- _What this task involves_: Return, with both end lines included, exactly what the data below holds from the line with "Glasgow, Royaume-Uni - 21" through the line with "Handmade jewelry set", though not the pictures.

═══ Records provided ═══

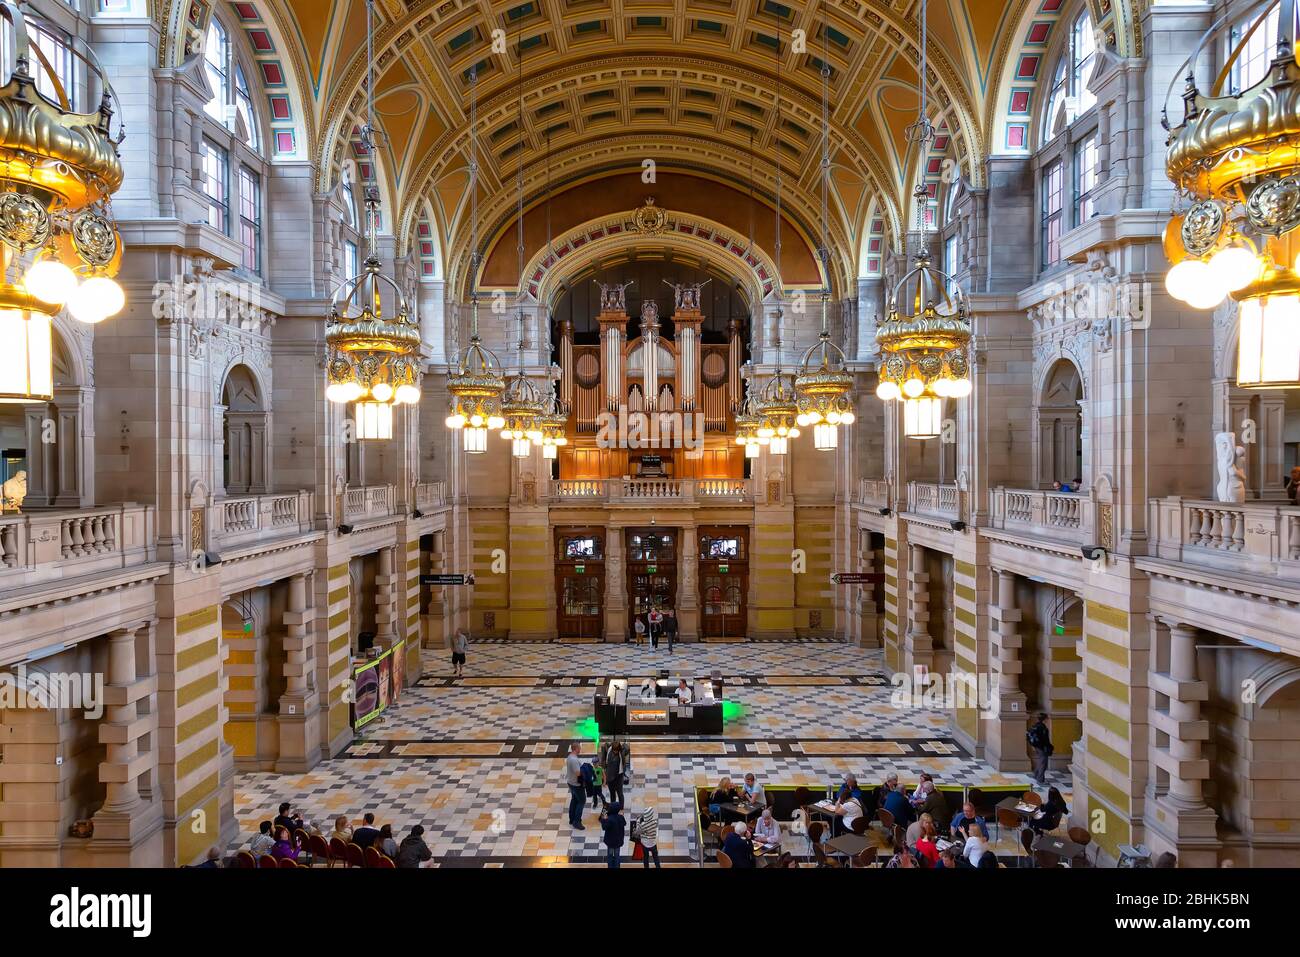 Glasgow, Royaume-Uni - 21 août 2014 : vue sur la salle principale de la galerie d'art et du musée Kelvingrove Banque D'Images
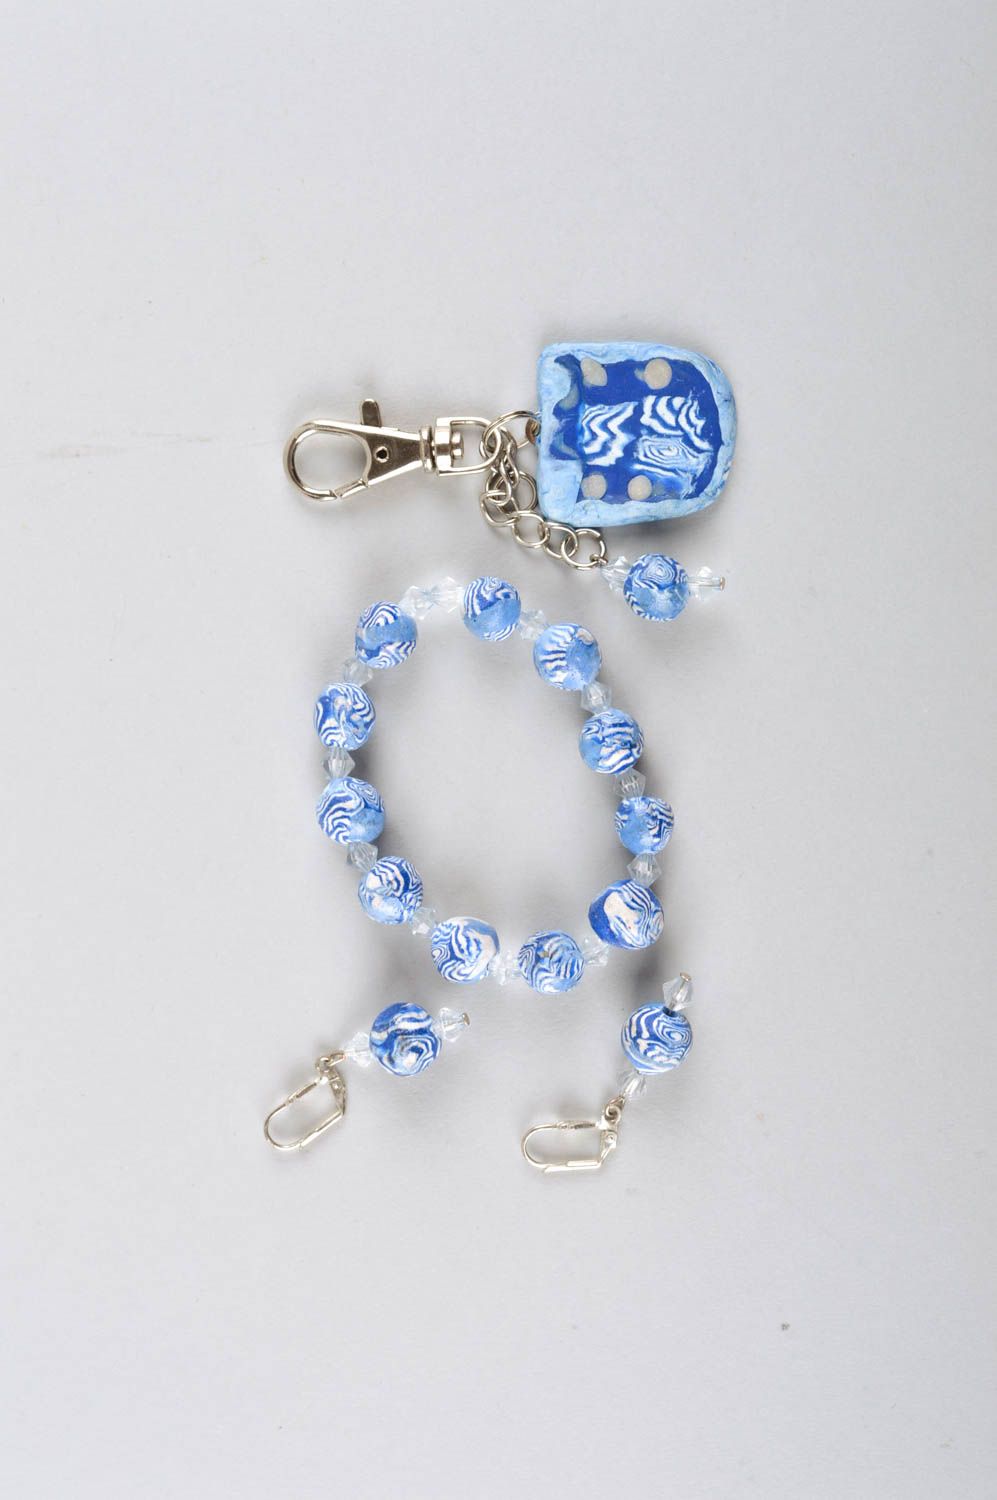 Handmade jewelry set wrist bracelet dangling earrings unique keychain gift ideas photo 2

═══
═══ Records provided ═══

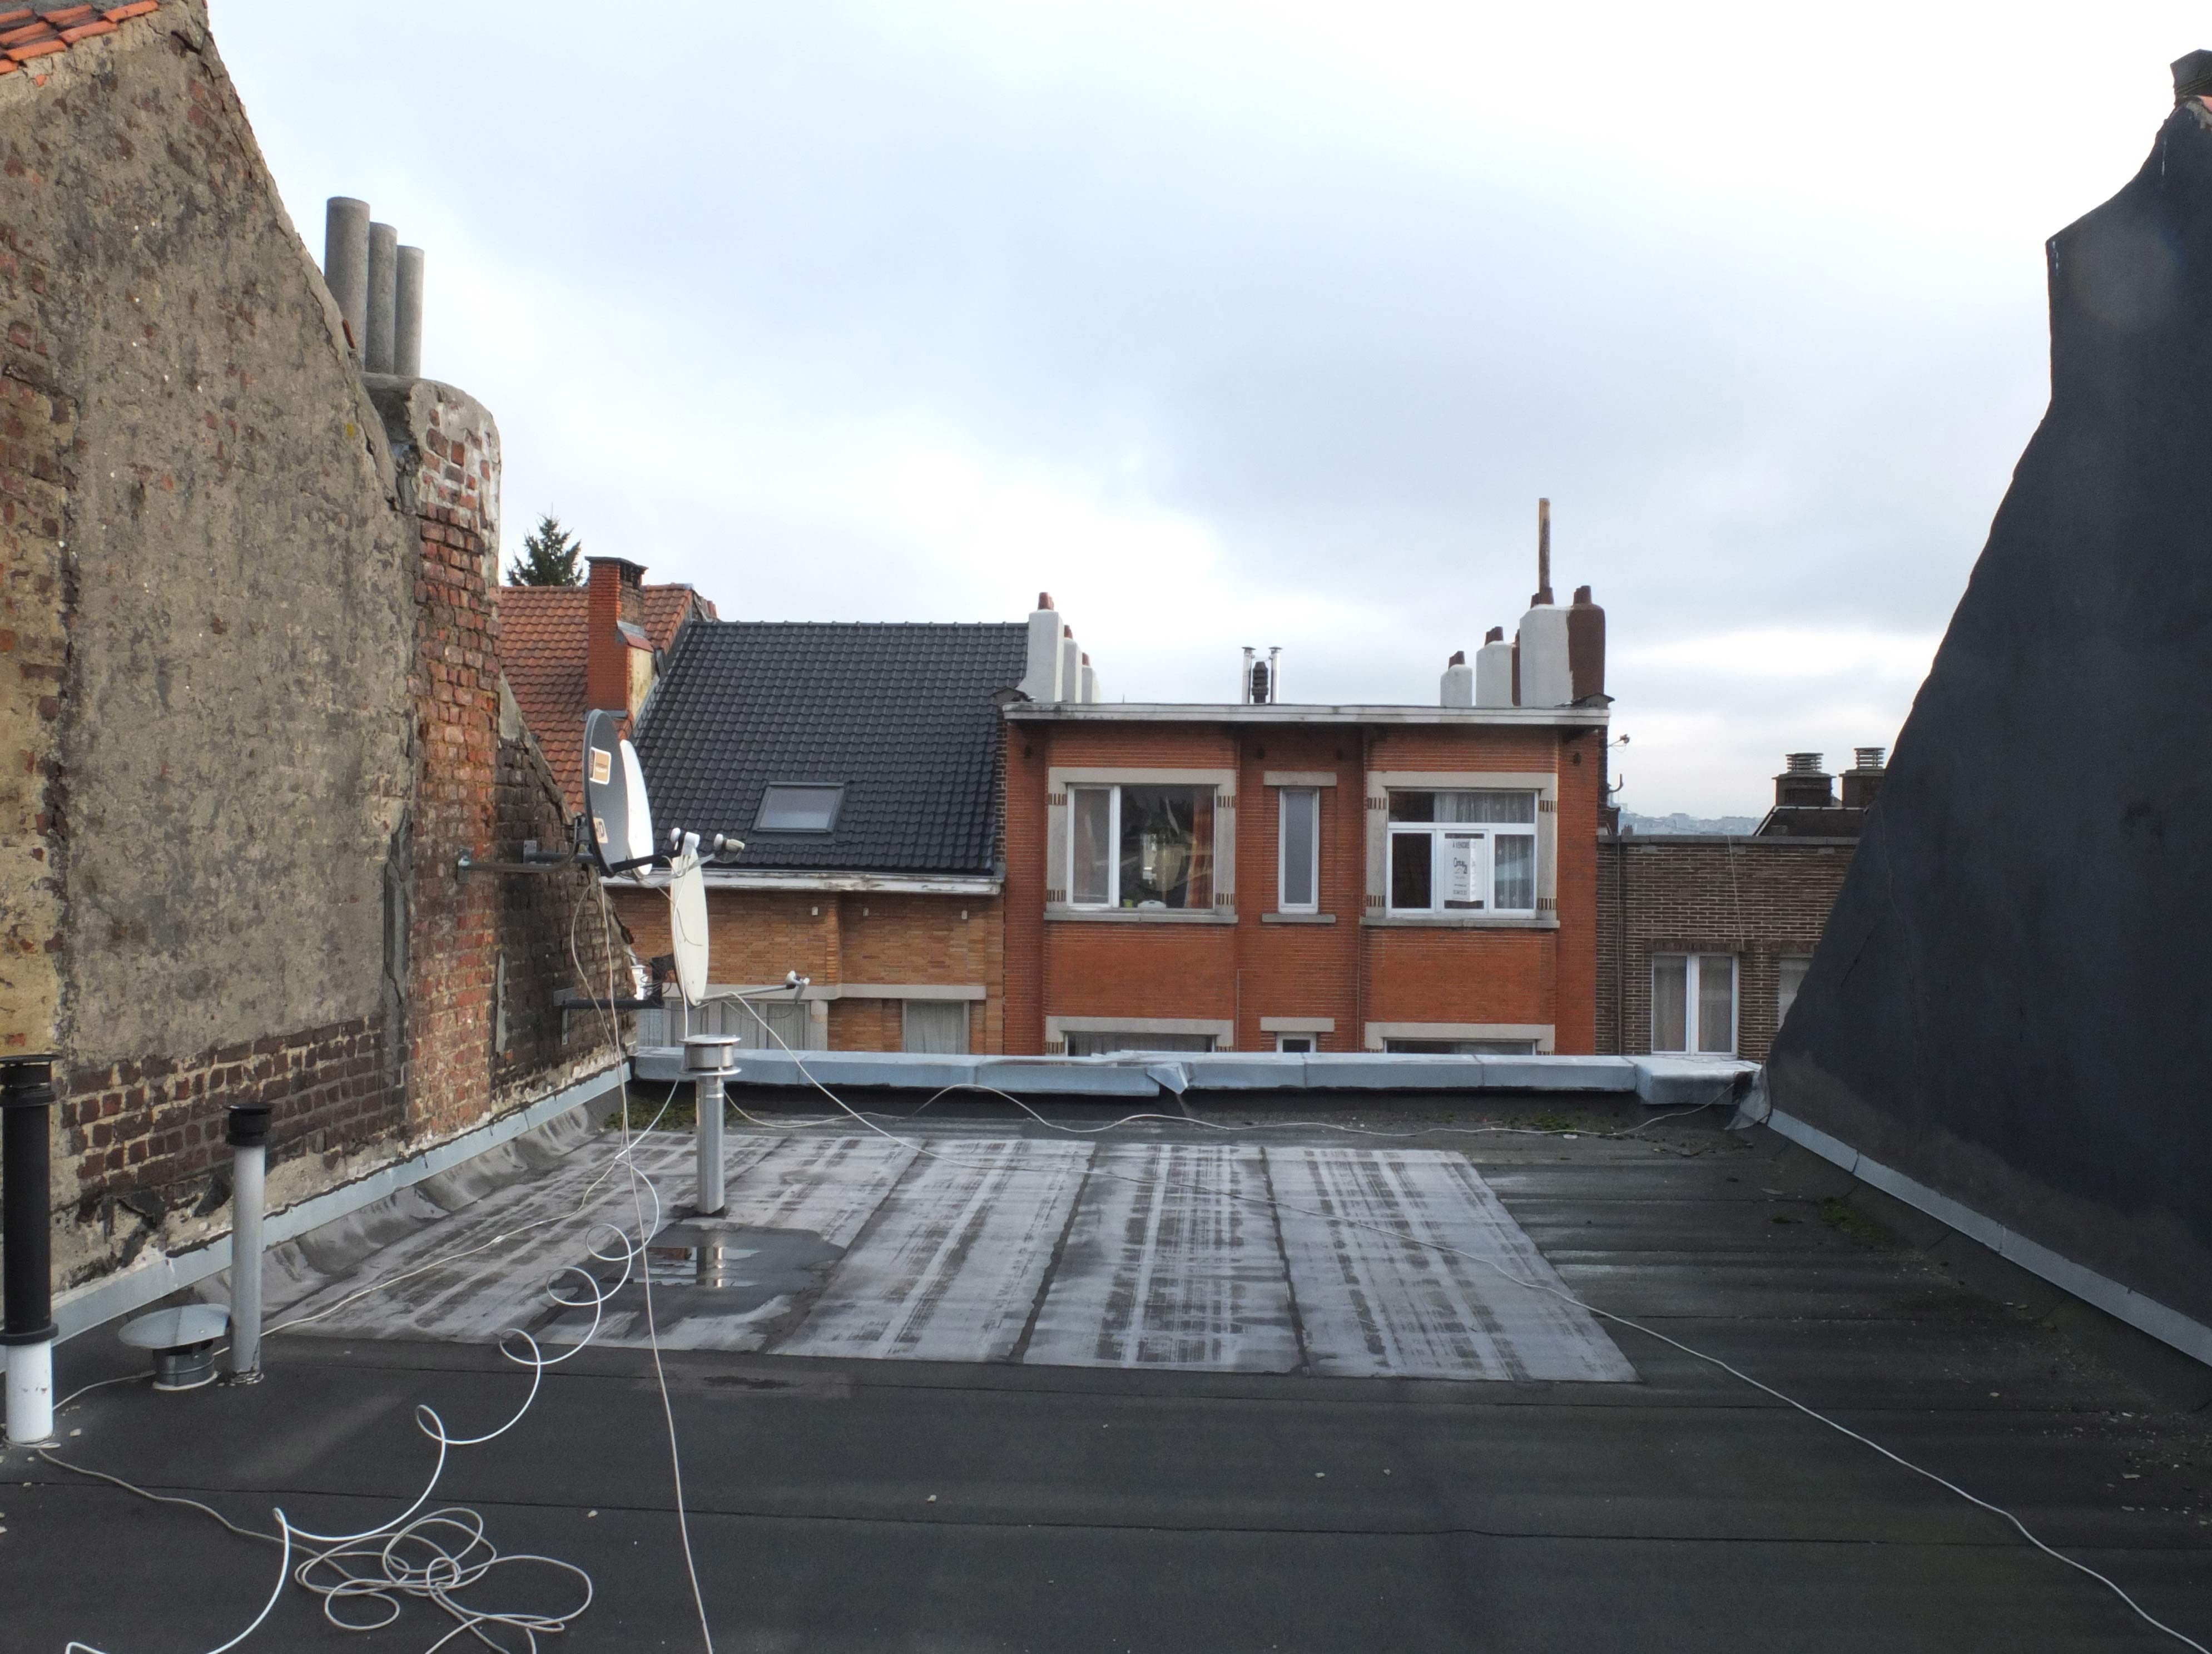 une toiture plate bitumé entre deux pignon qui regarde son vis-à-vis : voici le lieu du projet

═══

- _Answer below_:
 Glasgow, Royaume-Uni - 21 août 2014 : vue sur la salle principale de la galerie d'art et du musée Kelvingrove Banque D'Images
 Handmade jewelry set wrist bracelet dangling earrings unique keychain gift ideas photo 2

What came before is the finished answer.